DATA FOR ANALYSIS
[Start of section]

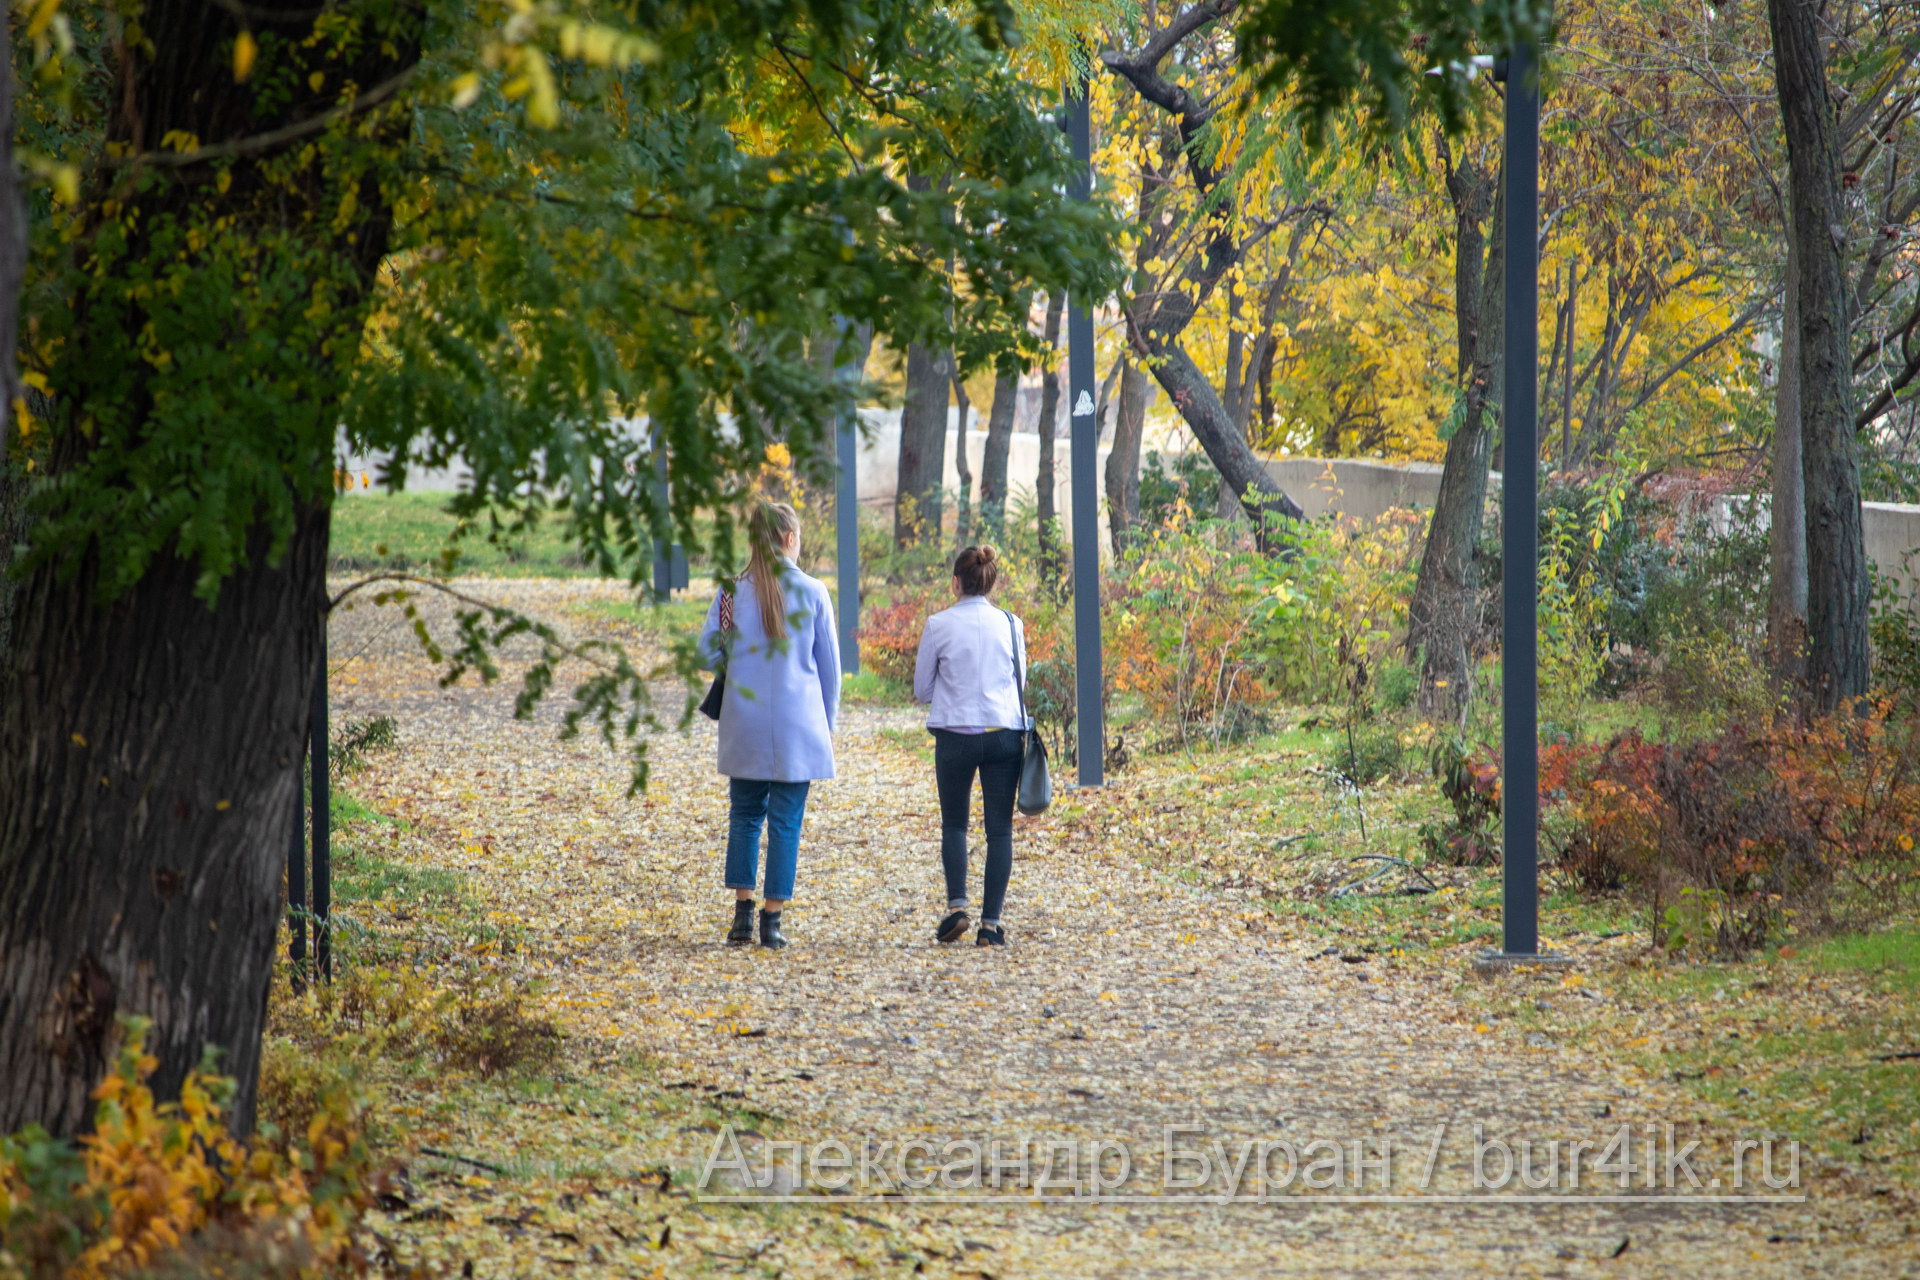 Идут две девушки по пути в город среди опавших листьев - Украина, Одесса, 09,11,2019
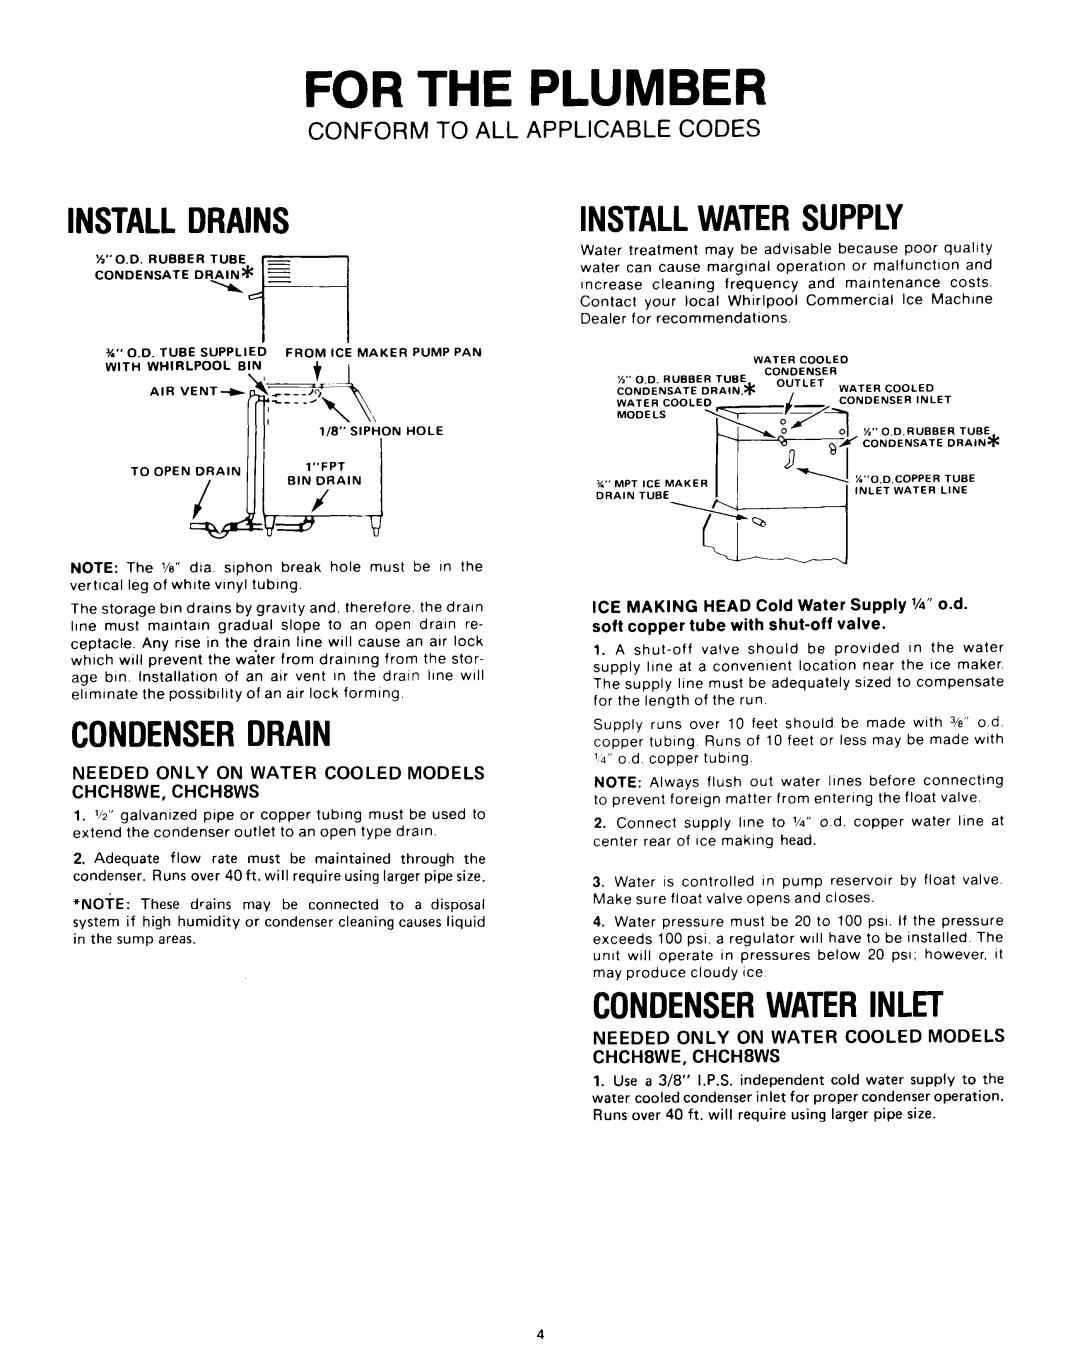 Whirlpool CHCH8AE, CHCH8WS, CHCH8AS For The Plumber, Installdrains, Condenserdrain, Installwatersupply, Condenserwaterinlet 
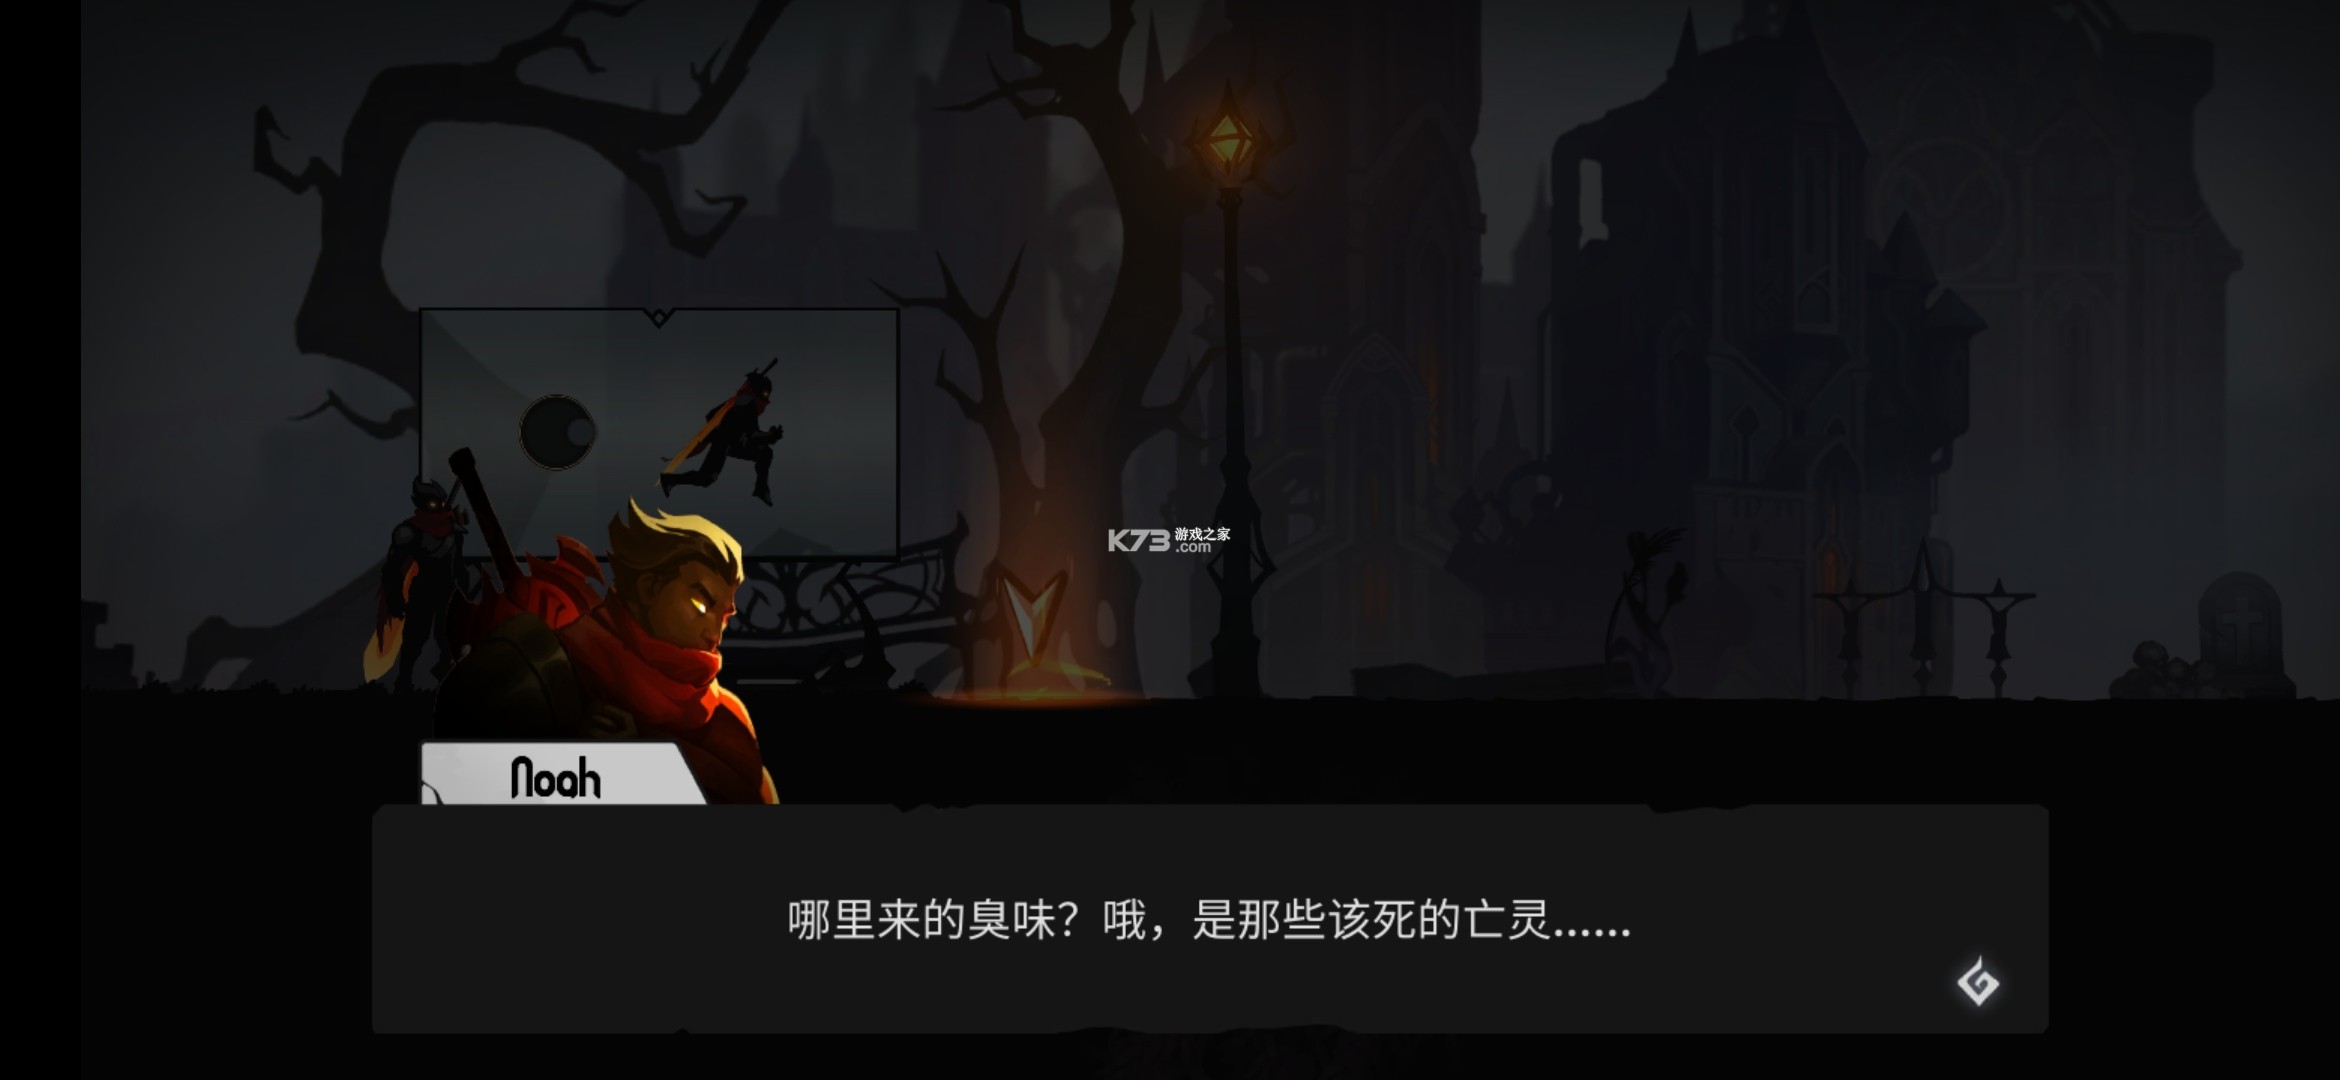 暗影骑士绝命旅途 v3.14.99 中文破解版 截图
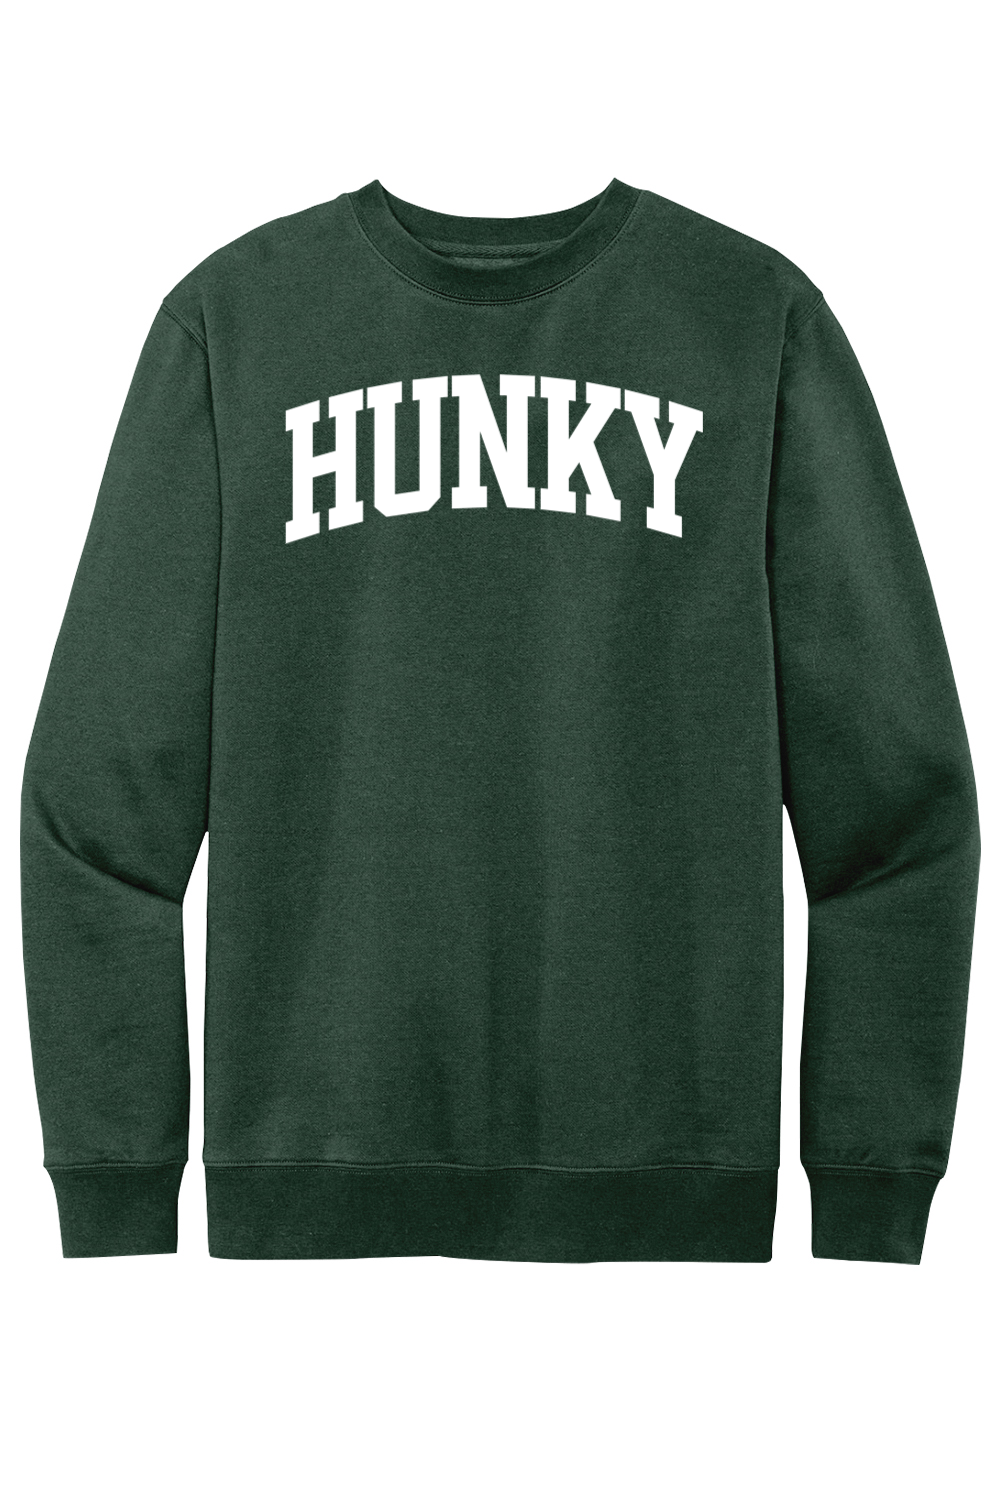 Hunky Collegiate - Fleece Crewneck Sweatshirt - Yinzylvania
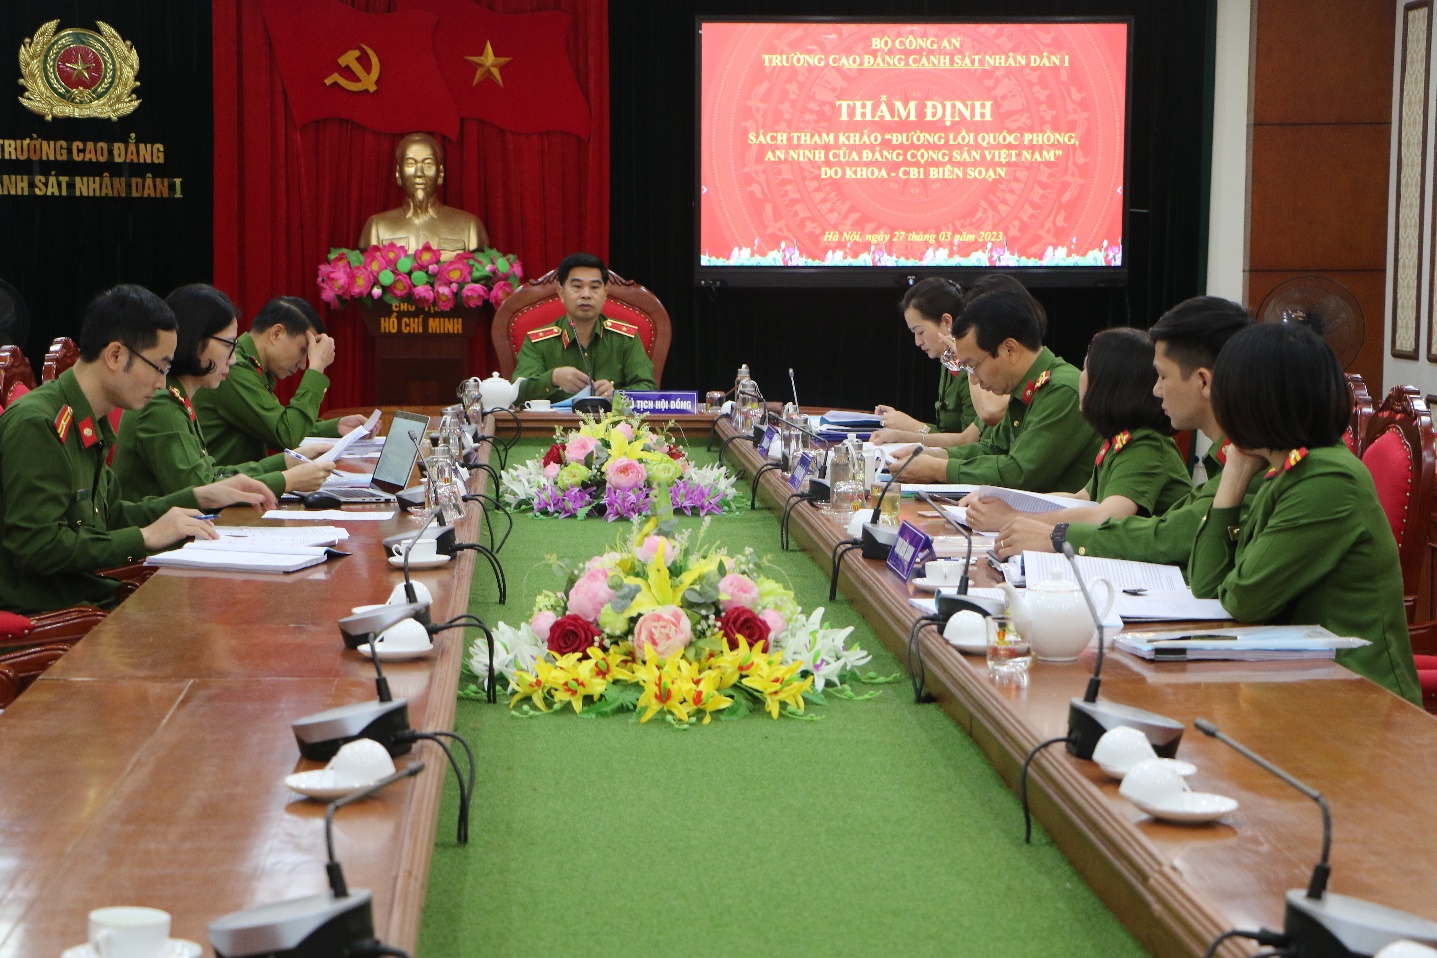 Tổ chức thẩm định sách tham khảo “Đường lối quốc phòng, an ninh của Đảng Cộng sản Việt Nam”

[End of section]

EXERCISE OBJECTIVE
Retype all entries above verbatim; no pictures belong in the copy.

SOLUTION FOR THIS PROBLEM
 Идут две девушки по пути в город среди опавших листьев - Украина, Одесса, 09,11,2019
 Whirlpool CHCH8AE, CHCH8WS, CHCH8AS For The Plumber, Installdrains, Condenserdrain, Installwatersupply, Condenserwaterinlet 
 暗影骑士绝命旅途 v3.14.99 中文破解版 截图
 Hunky Collegiate - Fleece Crewneck Sweatshirt - Yinzylvania
 Tổ chức thẩm định sách tham khảo “Đường lối quốc phòng, an ninh của Đảng Cộng sản Việt Nam”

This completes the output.